◆ **Data section**:

◆ ◆ ◆ ◆ ◆

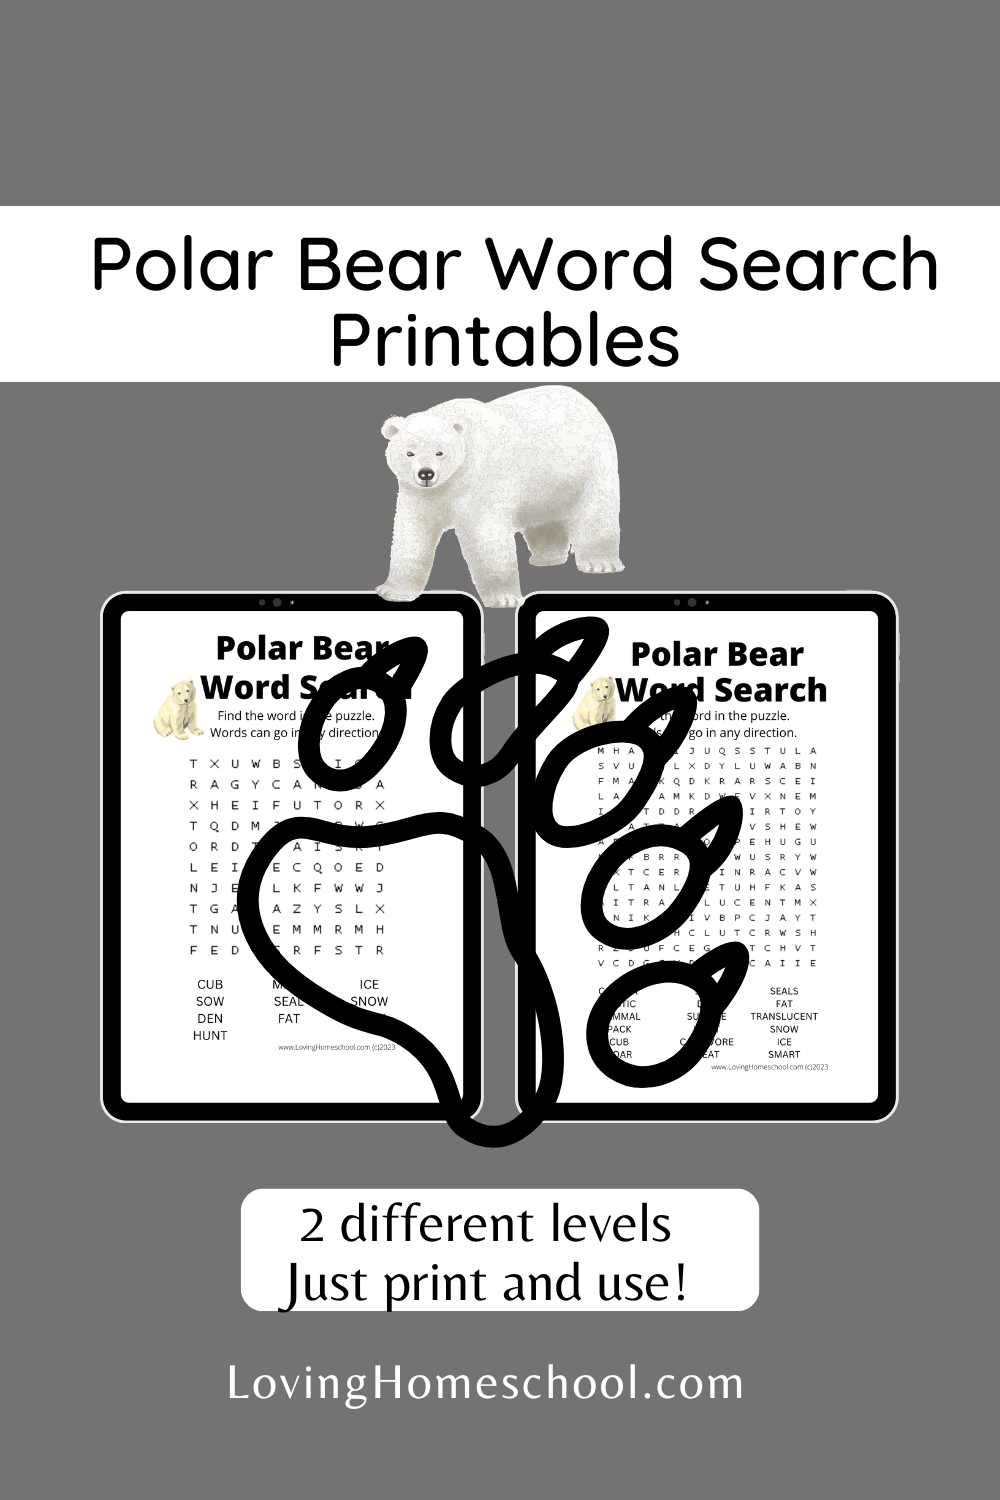 Polar Bear Word Search Printables Pinterest Pin
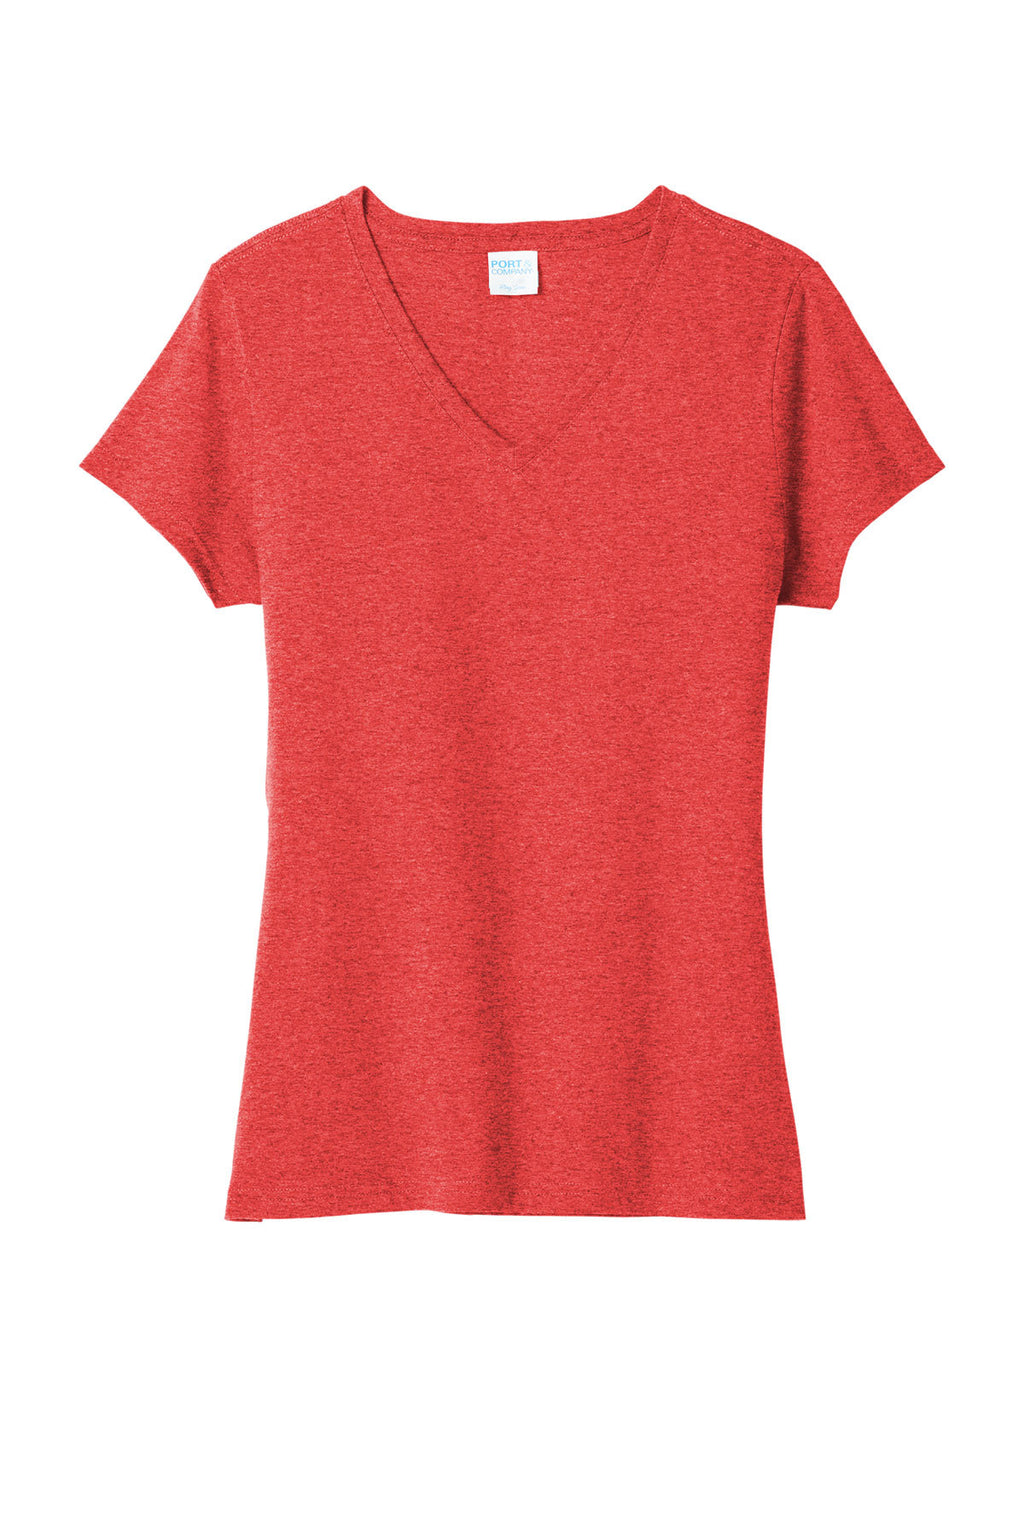 Port & Company Ladies V-Neck S/S Shirt Bright Red Heather
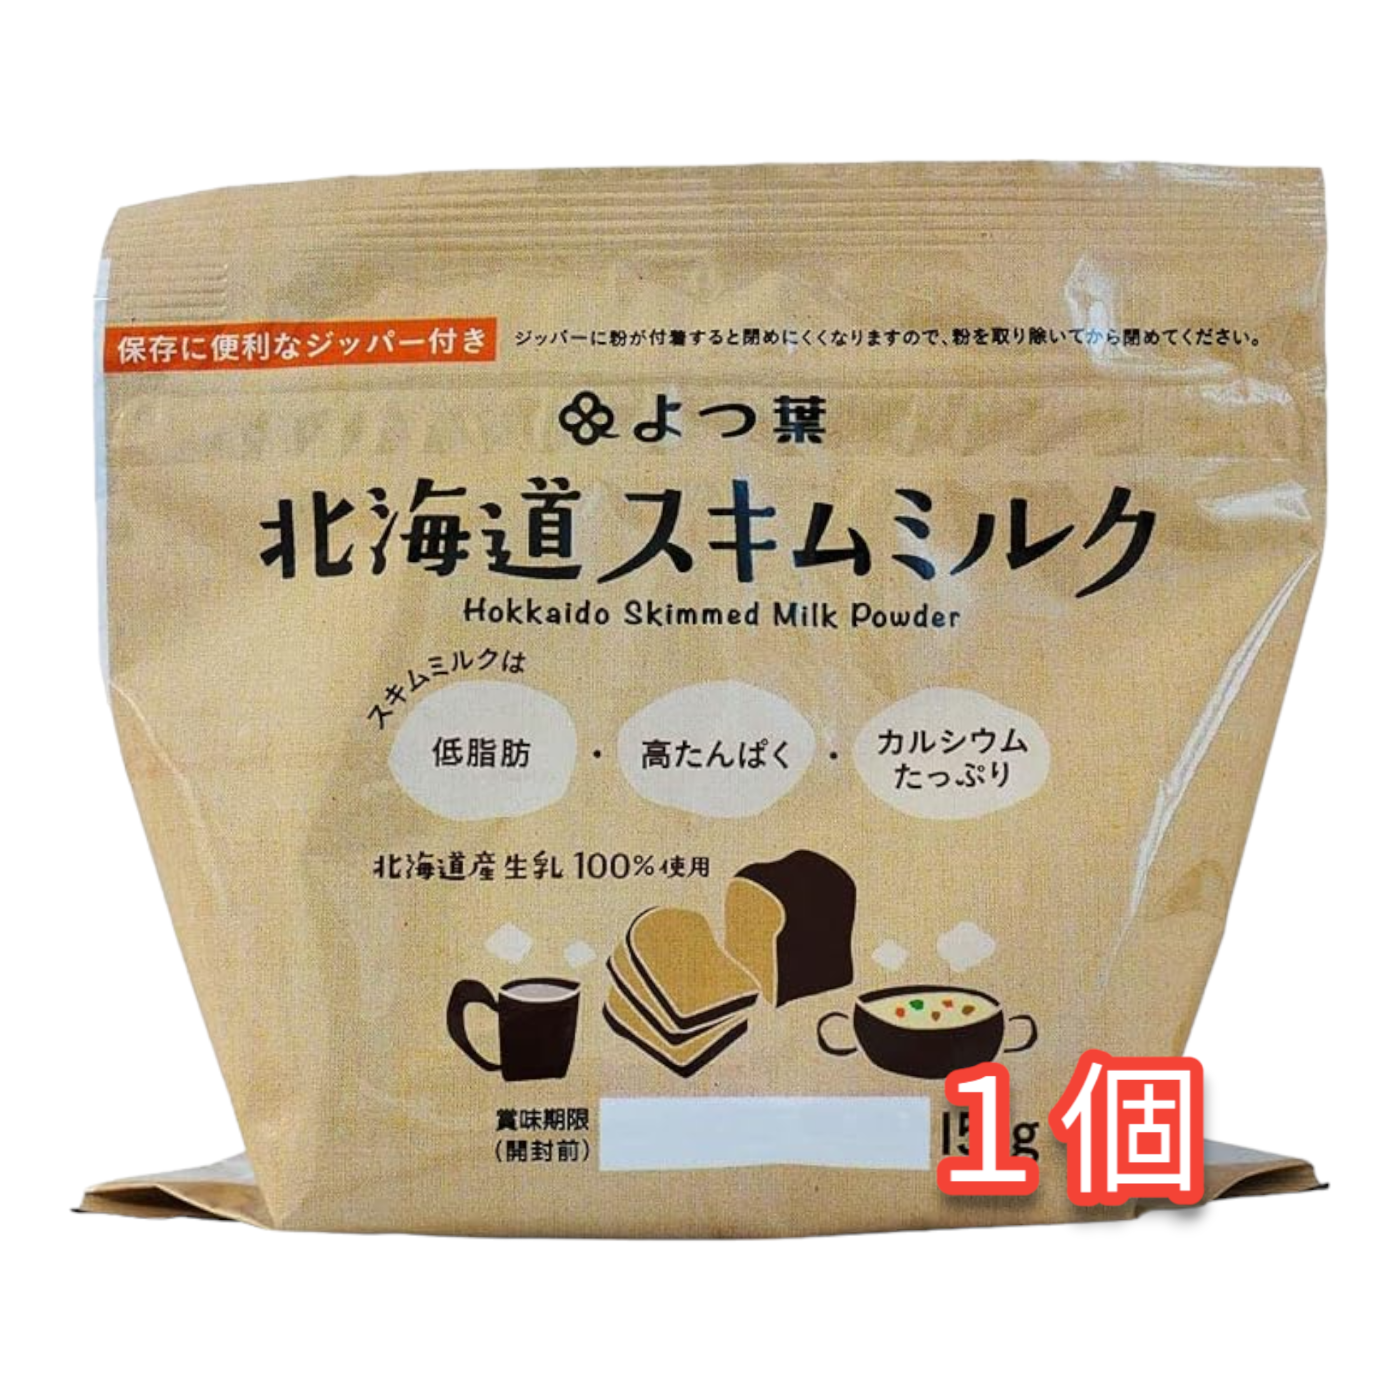 yo. leaf Hokkaido skim milk 150g... degreasing flour .
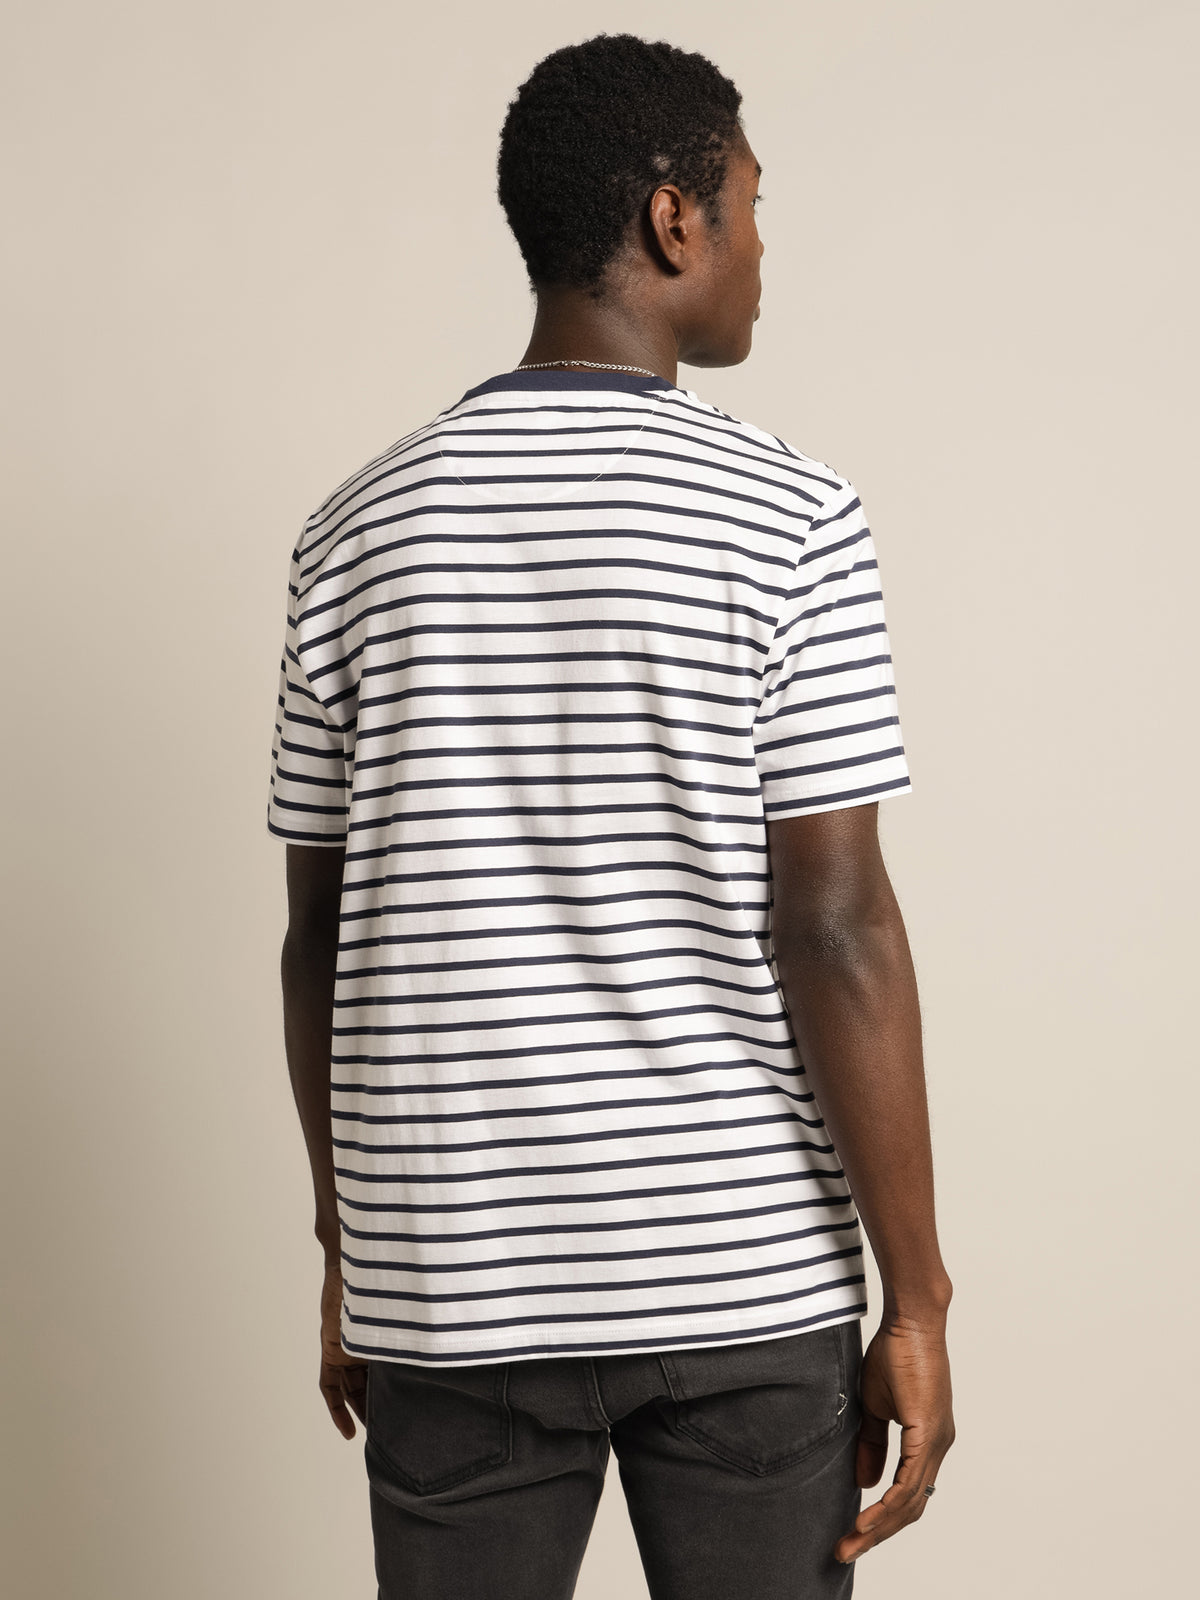 Breton Stripe T-Shirt in Navy &amp; White

◆ ◆ ◆ ◆ ◆

◆ **The task**: What you print must be exactly the lines from the one containing "Port & Company" through the last line of the material, and no pictures.

◆ **Solution for this task**:
 Port & Company Ladies V-Neck S/S Shirt Bright Red Heather
 yo. leaf Hokkaido skim milk 150g... degreasing flour .
 Breton Stripe T-Shirt in Navy &amp; White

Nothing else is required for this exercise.